THE right to education imposes an obligation upon all stakeholders to ensure that each child has the opportunity to meet their basic learning needs. When world leaders met at the World Education Forum in April 2000, they could not ignore the poor progress and the dismal state of education in the developing world.
More than 100 million children were out of school. Years of structural adjustment and lack of funding had decimated public education systems in many developing countries.
More than a decade later, remarkable progress was observed toward achieving the education-related Millennium Development Goals. Many more girls are in school and enrolment rates are on the rise, due to higher-quality aid and to political commitment. But 72M children are still out of school, and it is becoming clear that the world’s poorest countries urgently need an initiative that can deliver the resources to scale up to Education For All (EFA).
In the country, there seems to be a lower probability of achieving this goal as seen in the trend in education indicators.
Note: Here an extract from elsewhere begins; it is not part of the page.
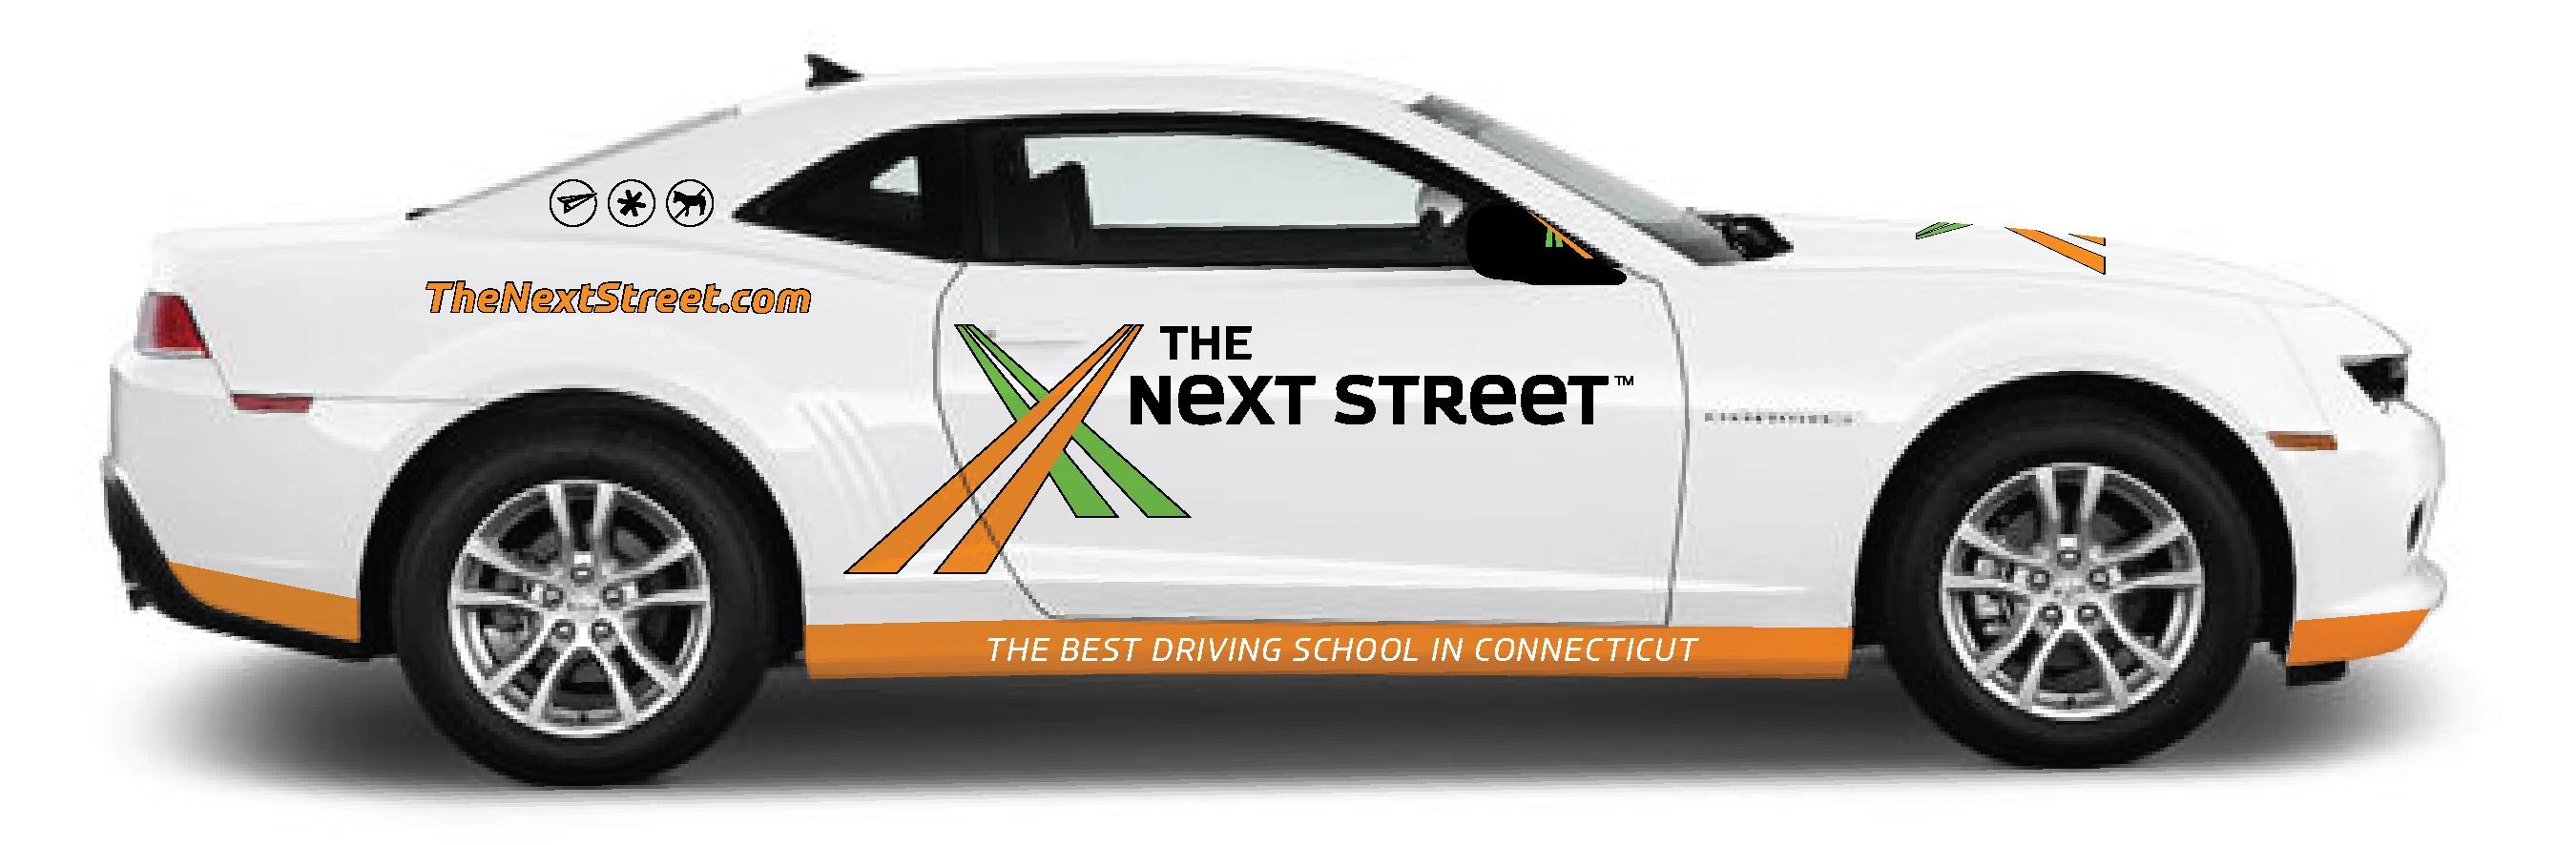 the_next_street_vehicle_design_reverse_side_view.jpg

Net enrolment ratio in primary education as well as the proportion of pupils starting grade 1 who reach grade 6 are far below their targets.
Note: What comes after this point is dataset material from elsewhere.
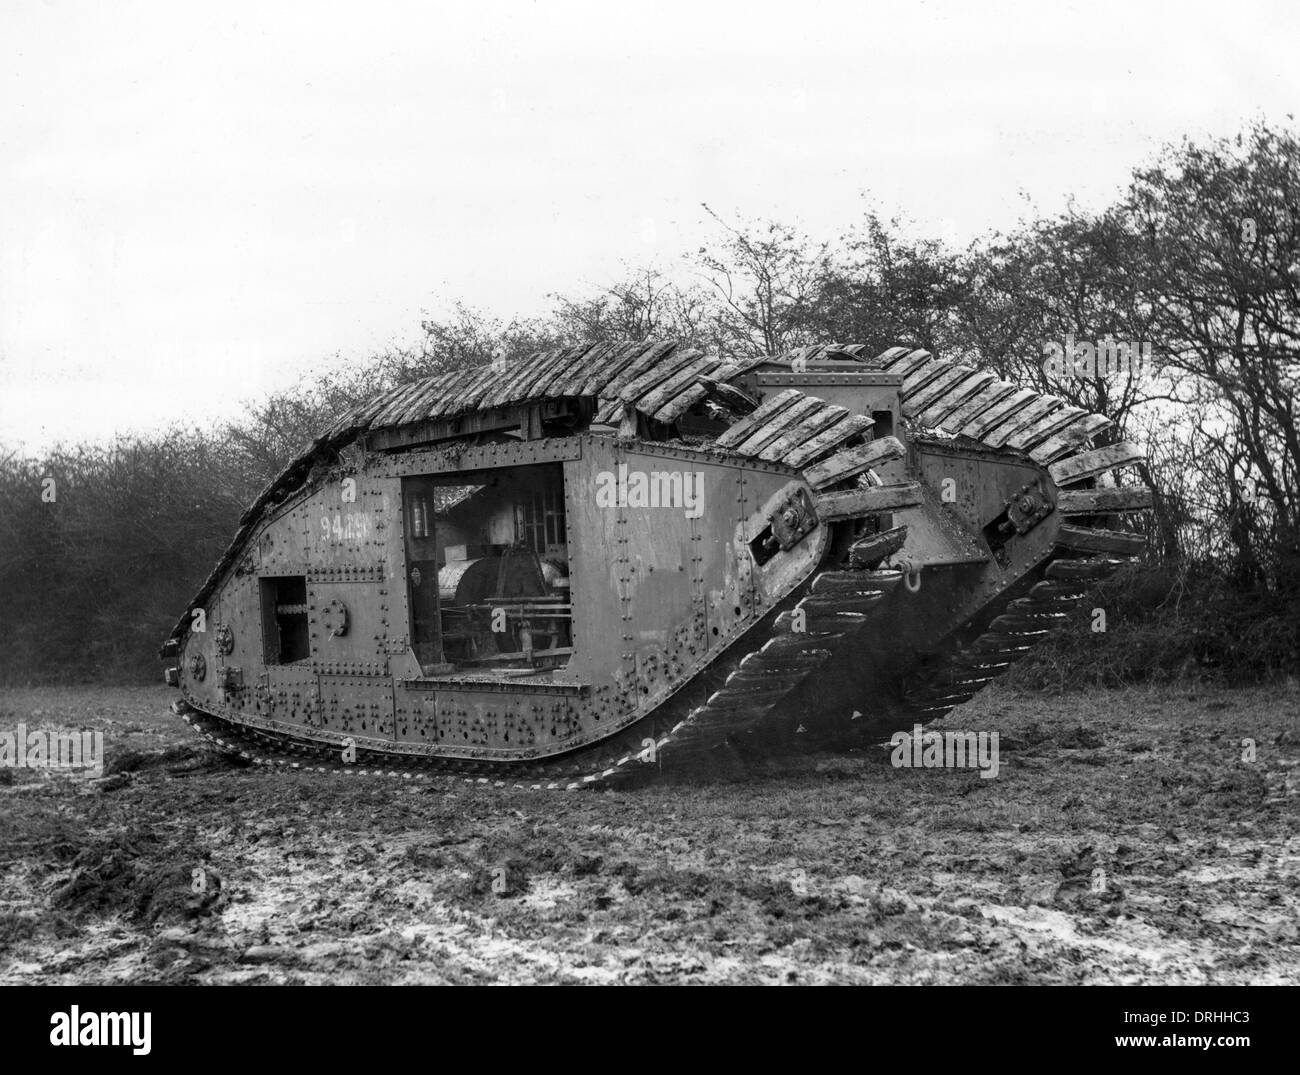 experiment-with-british-mark-v-tank-ww1-
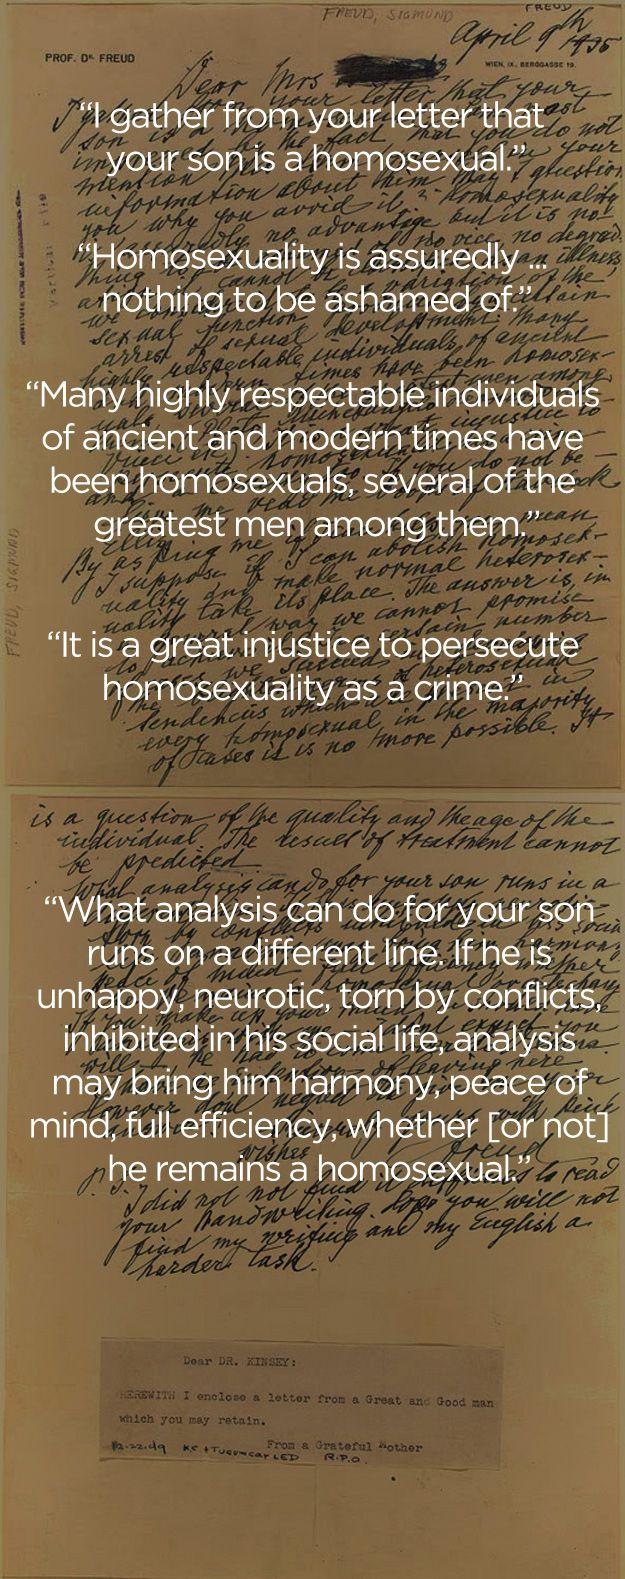 Sigmund Freudu0027s Letter Regarding Homosexuality Sigmund Freudu0027s

In terms of resource allocation and performance indicators, it is falling behind Singapore, Brunei, Malaysia, Indonesia, Thailand and Vietnam in terms of resource allocation and performance indicators.
According to the National Competitiveness Council (NCC), Philippines is ranked 99 in terms of primary education, 69th in the educational system, and 112th in science and math.
Acknowledging the intrinsic value of education, as well as its powerful impact on economic growth, social development and political stability, the EFA goals, among others, underline the need for a deliberate plan of action to step up on education such as ensuring that all children, in difficult circumstances and those belonging to ethnic minorities, have access to and complete, free and compulsory primary education of good quality and that the learning needs of all young people and adults are met through equitable access to appropriate learning and life-skills programmes.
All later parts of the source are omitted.